No one had seen us leave.

At the foot of the stone steps leading from the Peacock Terrace to the Sunken Rosary, something made me pause and look back at the magnificent palace which we had built in this strange, far-off land where no white men but ourselves had ever come. Somehow I felt it in my bones that we were leaving it to-night never to return again. And I wondered what other kings and ministers would dwell in its splendid halls when we were gone. The air was hot; and everything was deadly still but for the gentle splashing of the tame flamingoes paddling in the lily-pond. Suddenly the twinkling lantern of a night watchman appeared round the corner of a cypress hedge.
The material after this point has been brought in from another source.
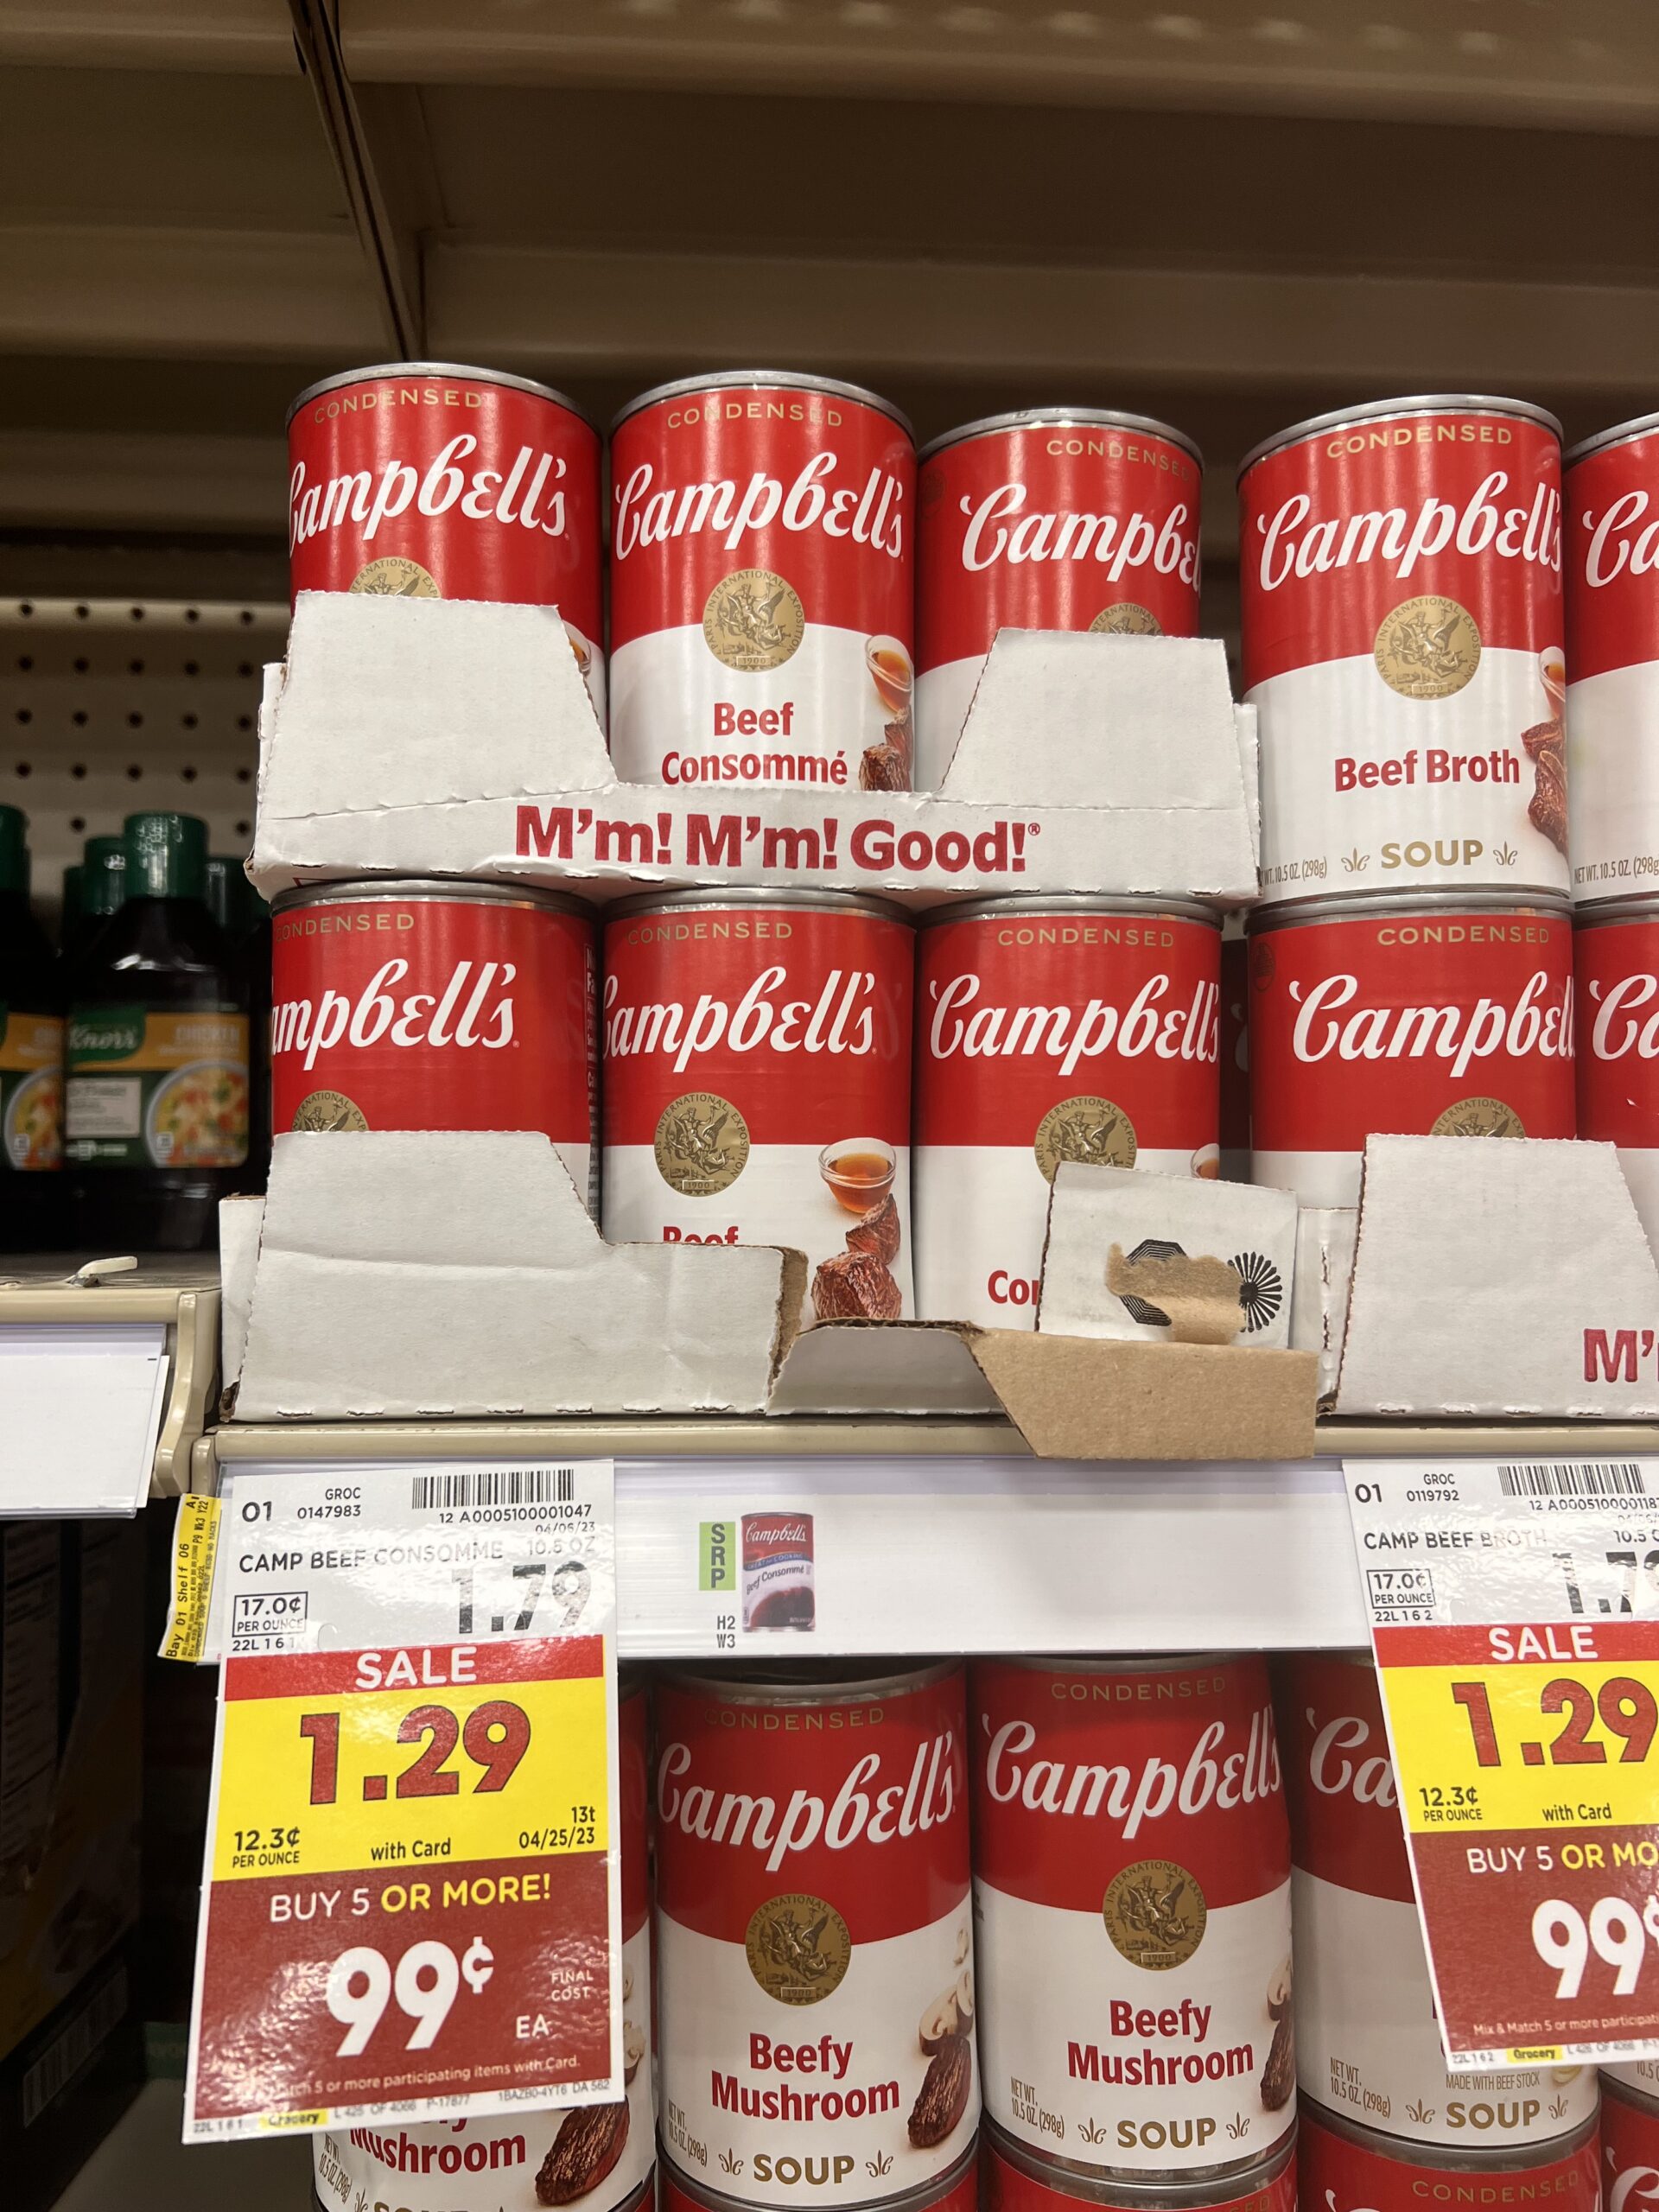 campbell's soup kroger shelf image 39

Polynesia plucked at my stocking and, in an impatient whisper, bade me hurry before our flight be discovered.

On our arrival at the beach we found the snail already feeling much better and now able to move his tail without pain.

The porpoises (who are by nature inquisitive creatures) were still hanging about in the offing to see if anything of interest was going to happen. Polynesia, the plotter, while the Doctor was occupied with his new patient, signaled to them and drew them aside for a little private chat.

“Now see here, my friends,” said she speaking low: “you know how much John Dolittle has done for the animals—given his whole life up to them, one might say. Well, here is your chance to do something for him. Listen: he got made king of this island against his will, see? And now that he has taken the job on, he feels that he can’t leave it—thinks the Indians won’t be able to get along without him and all that—which is nonsense, as you and I very well know. All right. Then here’s the point: if this snail were only willing to take him and us—and a little baggage—not very much, thirty or forty pieces, say—inside his shell and carry us to England, we feel sure that the Doctor would go; because he’s just crazy to mess about on the floor of the ocean. What’s more this would be his one and only chance of escape from the island. Now it is highly important that the Doctor return to his own country to carry on his proper work which means such a lot to the animals of the world. So what we want you to do is to tell the sea-urchin to tell the starfish to tell the snail to take us in his shell and carry us to Puddleby River. Is that plain?”

“‘Tiptoe incognito,’ whispered Bumpo”

“Quite, quite,” said the porpoises. “And we will willingly do our very best to persuade him—for it is, as you say, a perfect shame for the great man to be wasting his time here when he is so much needed by the animals.”

“And don’t let the Doctor know what you’re about,” said Polynesia as they started to move off. “He might balk if he thought we had any hand in it. Get the snail to offer on his own account to take us. See?”

John Dolittle, unaware of anything save the work he was engaged on, was standing knee-deep in the shallow water, helping the snail try out his mended tail to see if it were well enough to travel on. Bumpo and Long Arrow, with Chee-Chee and Jip, were lolling at the foot of a palm a little way up the beach. Polynesia and I now went and joined them.